3. Tailored but Impersonal
Both used car salesmen and AI models aim to provide a personalized experience, but it often feels artificial and devoid of genuine human touch. Advanced chatbots and customer service AIs do their best to mimic cognitive empathy. They are programmed to recognize keywords or phrases that suggest the user’s emotional state, and they generate responses accordingly. For instance, if a user types ‘I’m frustrated,’ the AI might reply, ‘I’m sorry to hear you’re feeling this way. How can I assist you?’ While this gives the impression of understanding, it’s a far cry from true emotional connection.
Technical Insights: Why AI Falls Short of Clinical Empathy
Generative AI models often have pre-defined personalities, making their interactions feel scripted and less than genuine. While research is improving this aspect, AI is still far from achieving the deep emotional understanding that comes with clinical empathy. True clinical empathy often requires a level of shared experience, something AI can’t simulate. Consider support groups like Alcoholics Anonymous, where members introduce themselves as alcoholics to establish common ground. This shared experience is the bedrock of genuine empathy and support, something far beyond the reach of even the most advanced AI..
Solutions on the Horizon
The AI community is hard at work searching for solutions to these challenges. A promising development is Microsoft’s Autogen multi-agent model, which diverges from traditional generative AIs. Autogen uses specialized agents, each with a unique role — such as a writer, an editor, or a developer and a QA tester.

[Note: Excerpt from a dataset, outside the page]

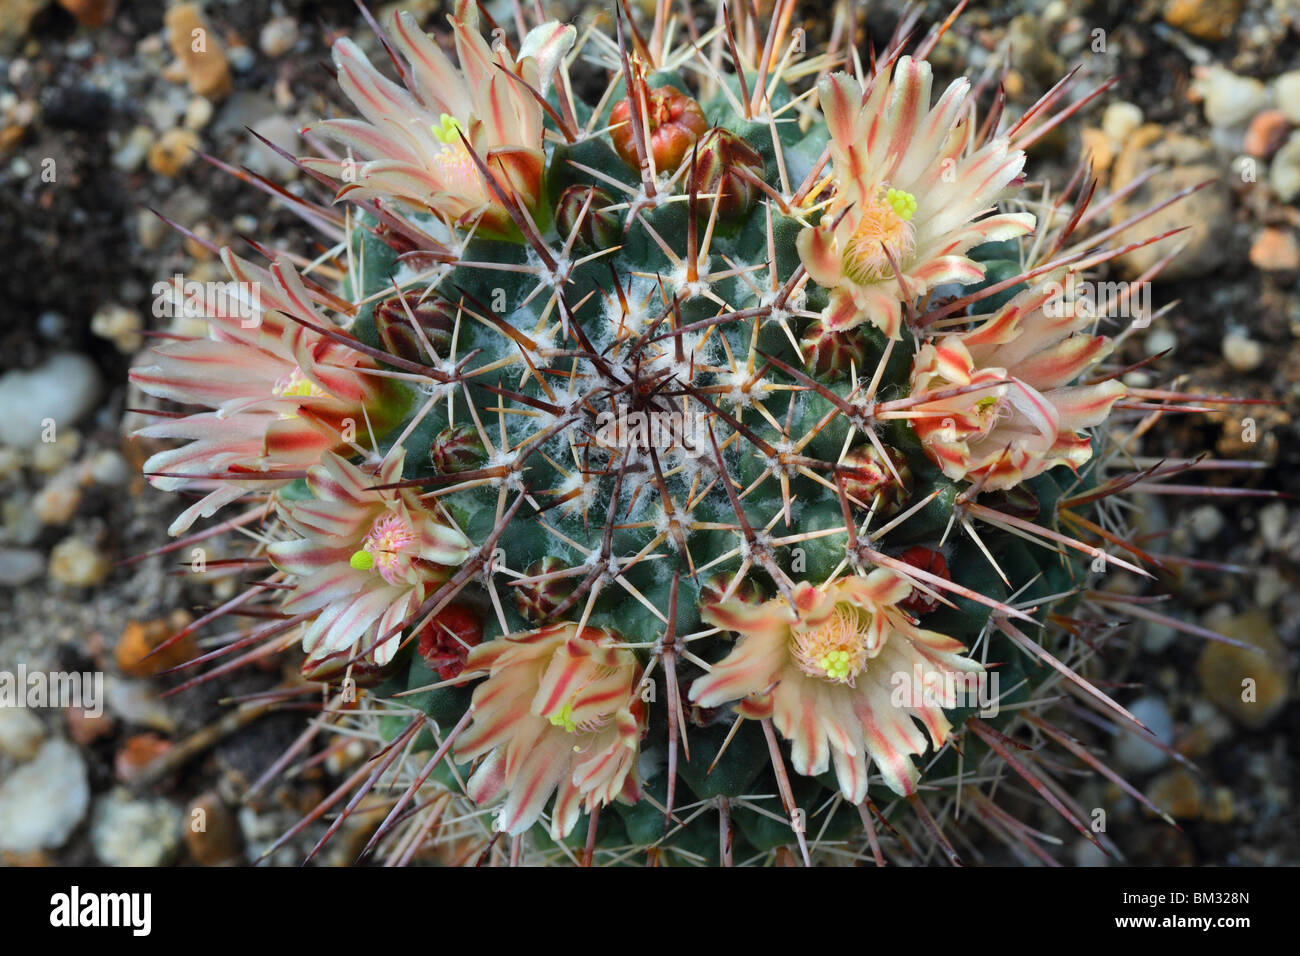 Cactus Mammillaria gigantea flowering Mamilaria Stock Photo
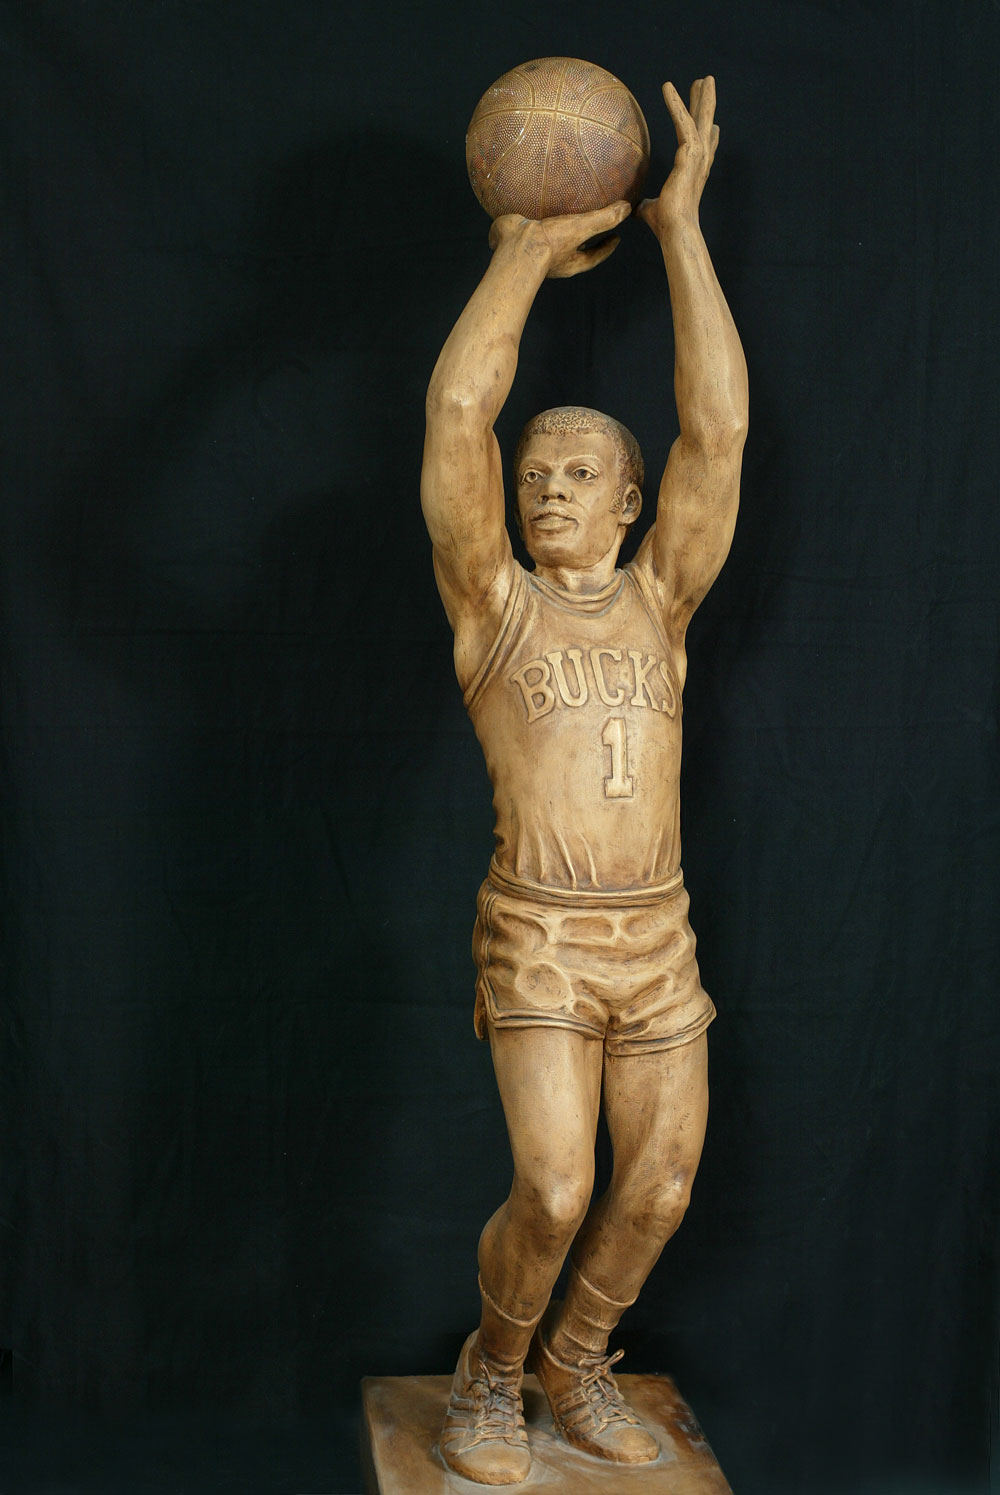 Sculpture of Oscar Robertson shooting a basketball.

These agents collaborate, creating a ‘checks and balances’ system that aims for more accurate and reliable outputs. For instance, a ‘writer’ agent could generate content, while an ‘editor’ agent ensures its accuracy, thereby reducing the likelihood of hallucinations.
As we run downhill into an era where AI is becoming increasingly sophisticated, we must brace ourselves for the quirks and hallucinations that are part and parcel of this technology. While advancements like Autogen offer a glimpse of a more reliable future, the journey is far from over. So, don’t be too surprised if you find yourself feeling like you’re haggling with an AI version of a used car salesman.